Distance traveled along a parametric curve is found by integrating the speed, which is the magnitude of the velocity vector. For a path x(t), y(t), the distance from t = a to t = b is ∫_a^b sqrt[(dx/dt)^2 + (dy/dt)^2] dt.

Here x(t) = cos t and y(t) = sin t, so dx/dt = -sin t and dy/dt = cos t.

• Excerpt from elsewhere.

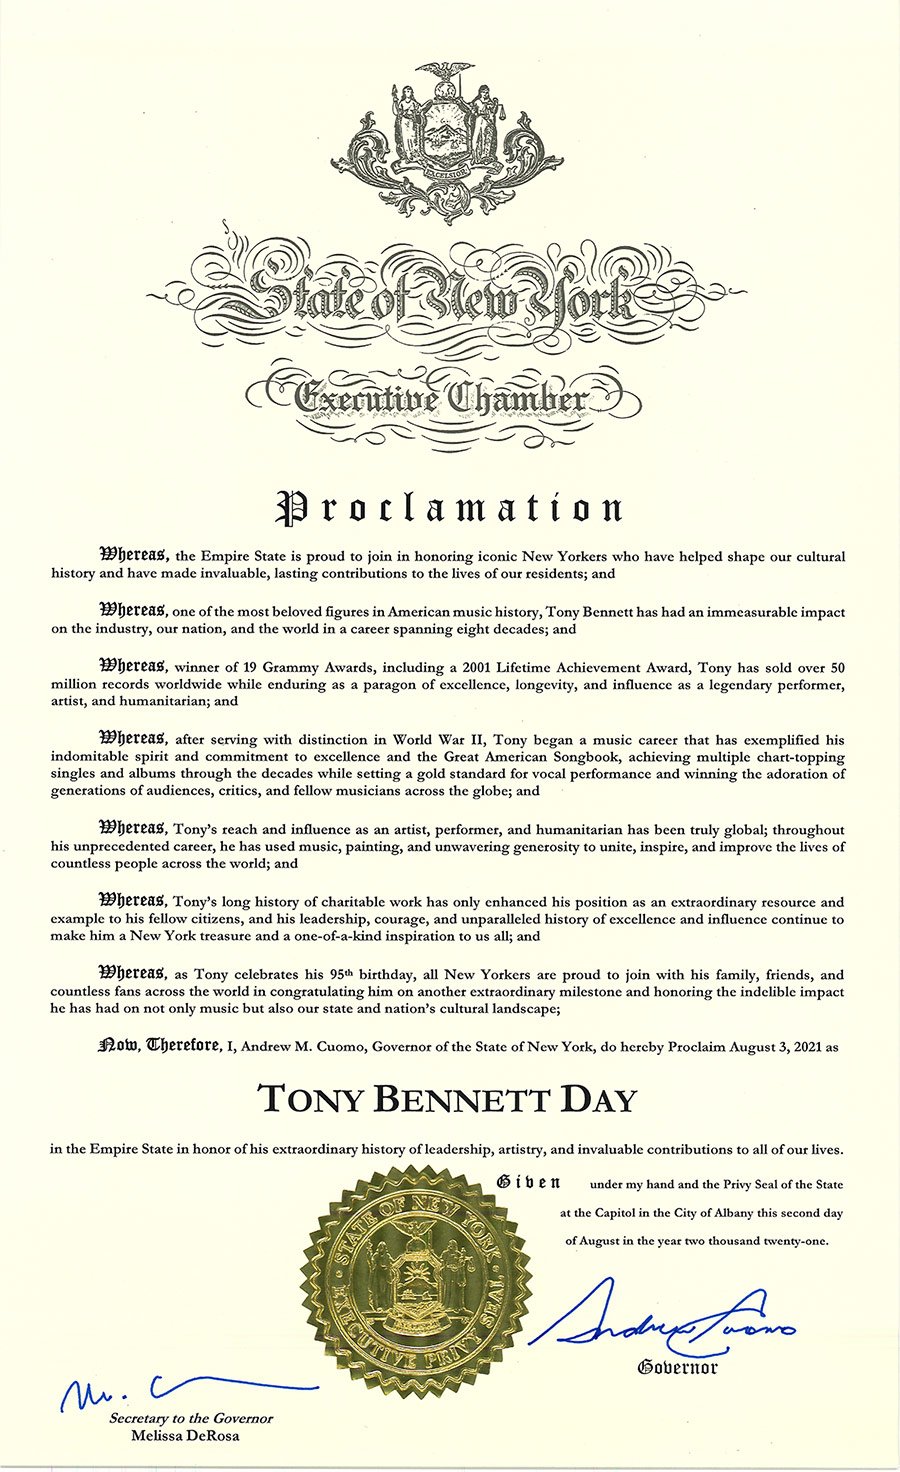 Tony Bennett Celebrates 95th Birthday With Final NYC Performances &#038; State Proclamation

The speed is sqrt(sin^2 t + cos^2 t) = 1, since sin^2 t + cos^2 t = 1. Therefore the distance traveled from t = 0 to t = π is ∫_0^π 1 dt = π, which is the arc length of a semicircle of unit radius.

The other expressions don’t measure arc length: ∫_0^π (dx/dt) dt would give x(π) - x(0) = -2, the net horizontal change. ∫_0^π |dx/dt| dt gives the total horizontal distance moved, which would be 2, not the actual path length. ∫_0^π (dy/dt) dt gives y(π) - y(0) = 0, the net vertical change.